Korea, China, Japan, Singapore, Malaysia, Thailand, Philippines, US, European countries, all have vastly differing styles.

And your question is also dependent on which industry you work.

If there was one way that worked, we'd all be following it.

This is why you need a good MIX of styles with people you trust under you to get things done.

Your own post shows a flaw we all make, and that is to just try and surround ourselves with people just like ourselves. Not the best way...


----------



## RandomDude (Dec 18, 2010)

jdawg2015 said:


> Your own post shows a flaw we all make, and that is to just try and surround ourselves with people just like ourselves. Not the best way...


True, hence this thread.

My industry is traditionally autocratic and heirachal, I'm one of several others challenging the status quo. Unfortunately this means an influx of potential managers that I don't want managing my teams. But hey, as you mentioned - perhaps its just me. I started from the bottom so I'll always be 'one of the little people' I guess.

I've just never seen it work, and seen alot of evidence of the contrary. With the emphasis on team rather than structure I have low staff turnover, high levels of productivity, satisfied staff to the point they won't accept new responsibilities and save me the trouble of either having to do everything myself or hiring autocratic managers that they complain about later. Bah!

And they complain to me... and when I take their side, I undermine the authority of my own managers and might as well fking fire them. It's just getting too hard especially with investors always pushing me to grow and expand to maximise their ROI.


----------



## john117 (May 20, 2013)

I'm a firm believer in managing by doing. I can't do everything my team does by myself but outside hardware I can do quite a lot...lots of one on one collaboration and such also.


----------



## Thor (Oct 31, 2011)

My management arena is a lot different, being an airline captain. I have to manage my team, which includes not just the flight deck and flight attendants, but ramp crew, gate agents, dispatchers, and mechanics. One cannot demand respect, but one can command respect. One can, however, always demand performance.

Most of the time I find flight crew very self motivated and highly demanding of their own performance. I simply have to lead with expectations so they know what the goal is. Maybe we have a short turn time and the goal is on time performance. So let's not spend too much time cleaning the cabin. Or maybe the goal is to maximize passenger (customer) satisfaction while dealing with challenging weather.

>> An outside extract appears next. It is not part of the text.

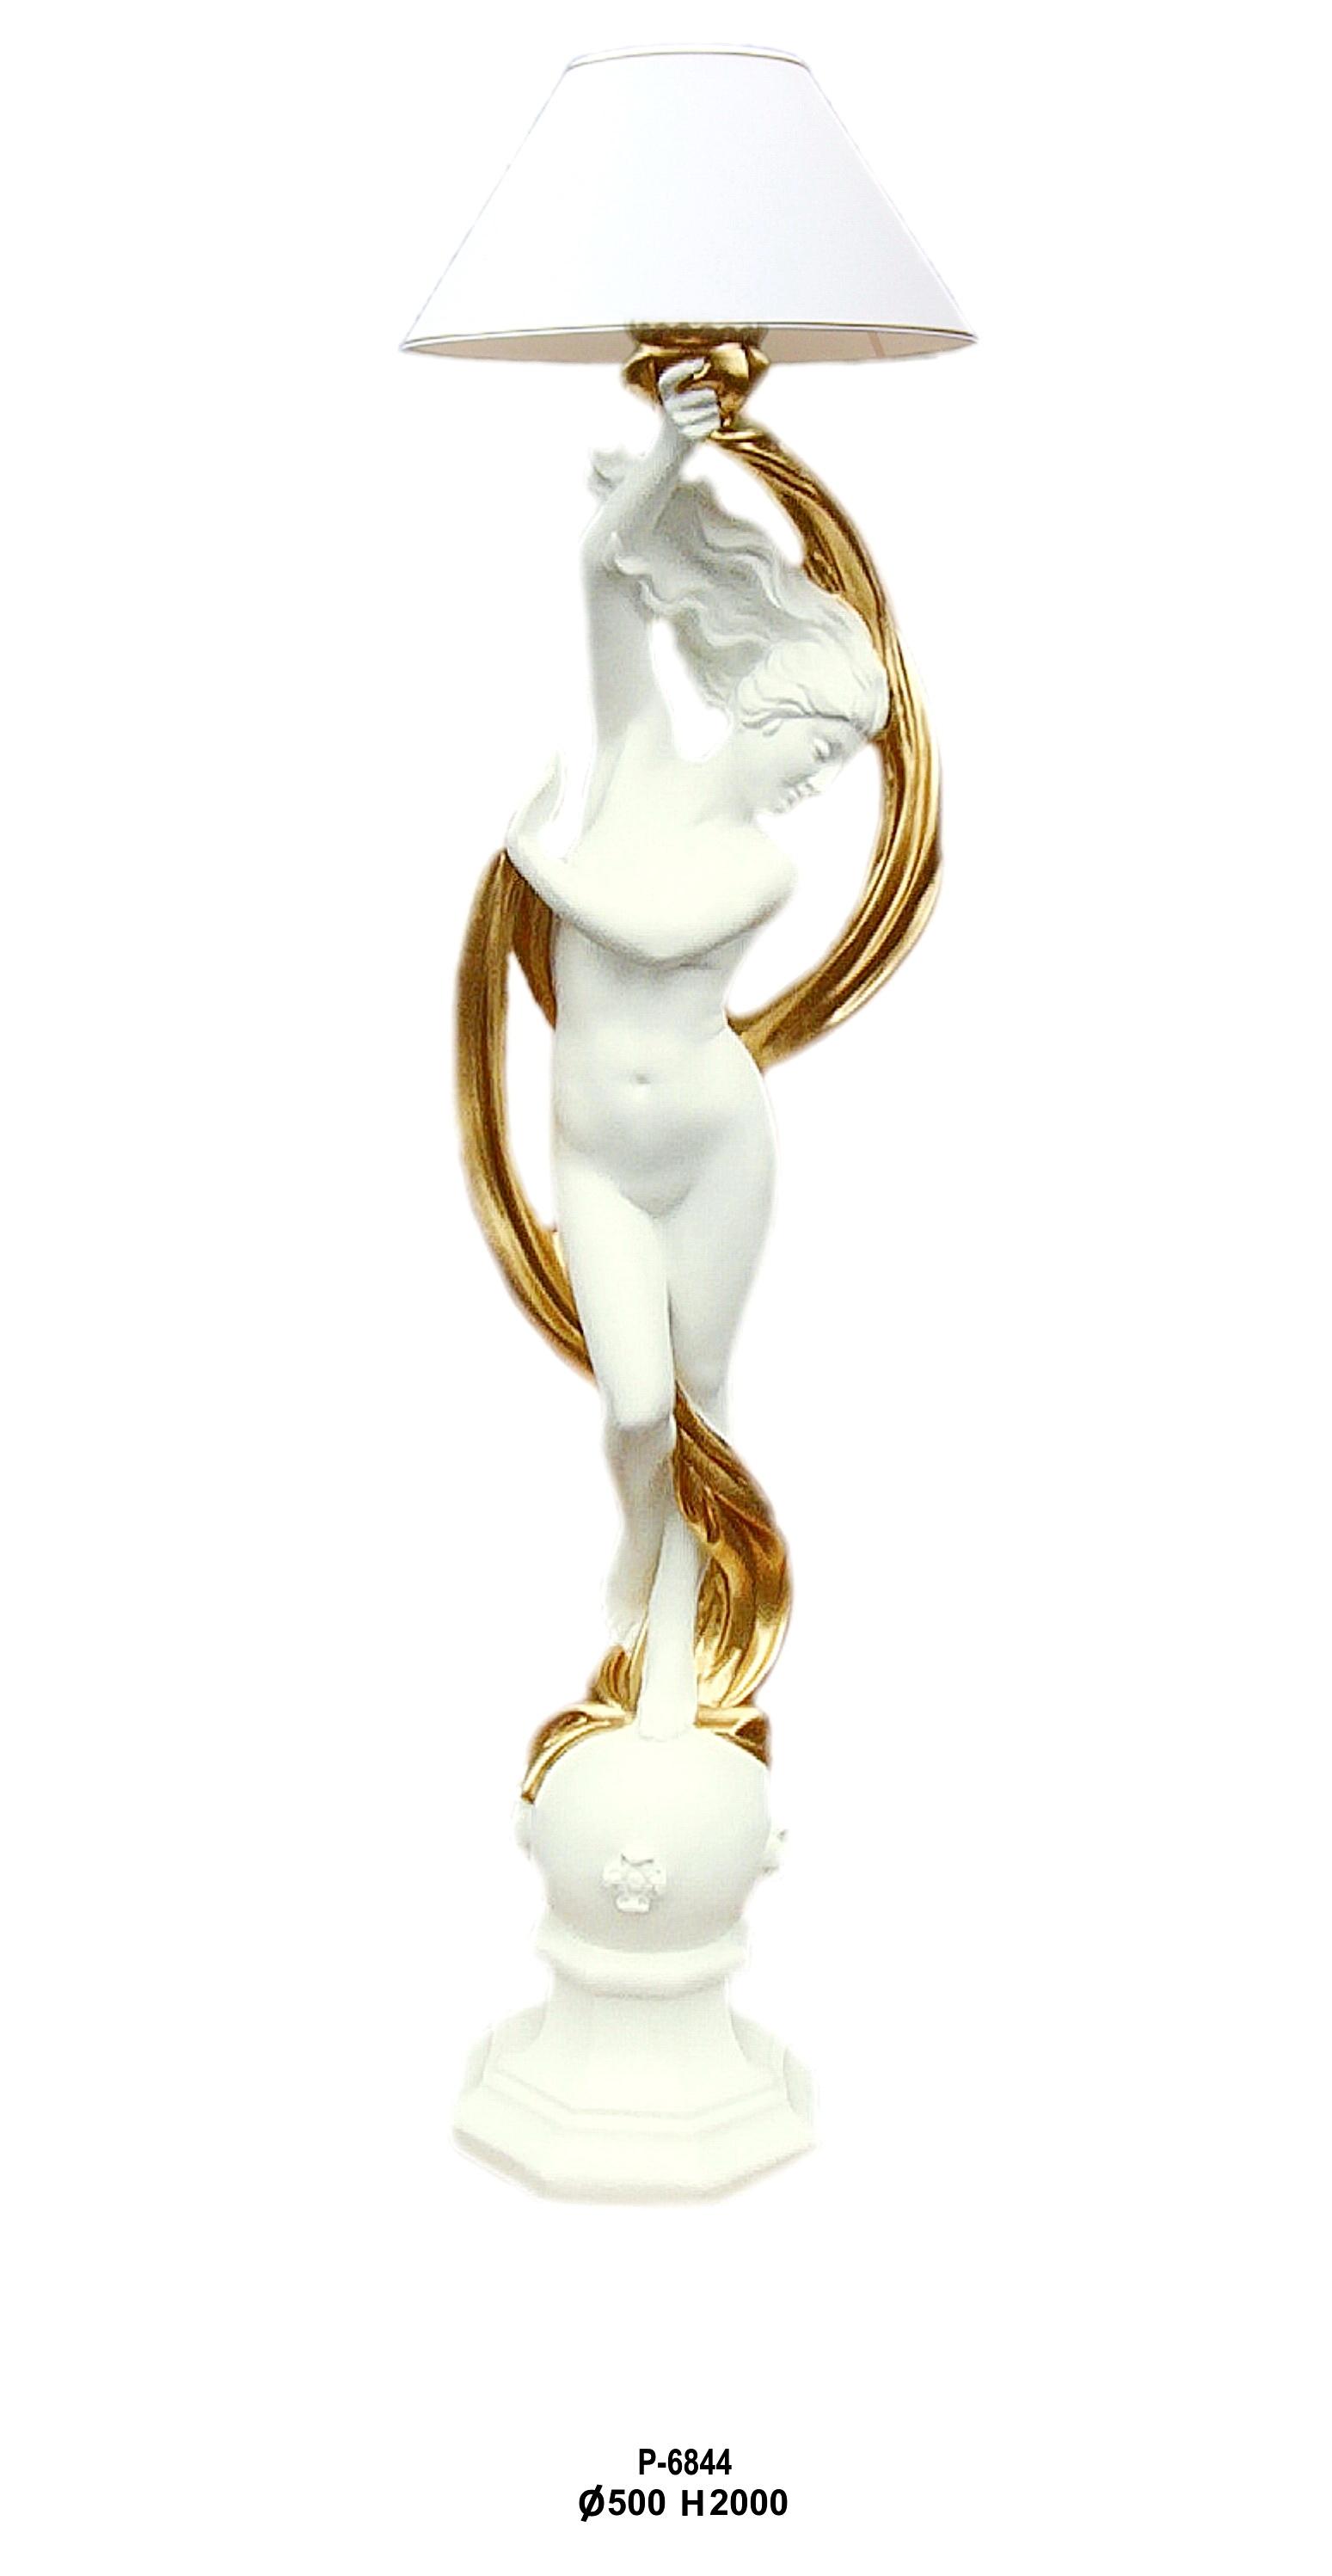 Lampa vysoká / Antický styl / 200 cm Zakázková výroba

If someone is slacking, like a crewmember who is chronically late in the morning for the van at the hotel, I first give a calm explanation of the performance expectations.

But many other employees are just collecting a paycheck and waiting for the weekend. Those people need a more autocratic or demanding style of command. I never resort to loud or abusive language, but sometimes very direct communication and instructions are needed.


----------



## RandomDude (Dec 18, 2010)

Thor said:


> If someone is slacking, like a crewmember who is chronically late in the morning for the van at the hotel, I first give a calm explanation of the performance expectations.
> *
> But many other employees are just collecting a paycheck and waiting for the weekend. Those people need a more autocratic or demanding style of command.* I never resort to loud or abusive language, but sometimes very direct communication and instructions are needed.


Yes that's what I understand of the logic behind autocratic management. But in the end my perspective is different, like I found by giving these people responsibility making clear my expectations yet giving them leeway in how they carry out their tasks - within guidelines, making them feel they are part of something, they longer work for the paycheck but they start working for the team. 

They no longer show up early in fear of losing their job, they show up early so they don't let down the team. I can't expect this type of 'unit cohesion' with autocratic management.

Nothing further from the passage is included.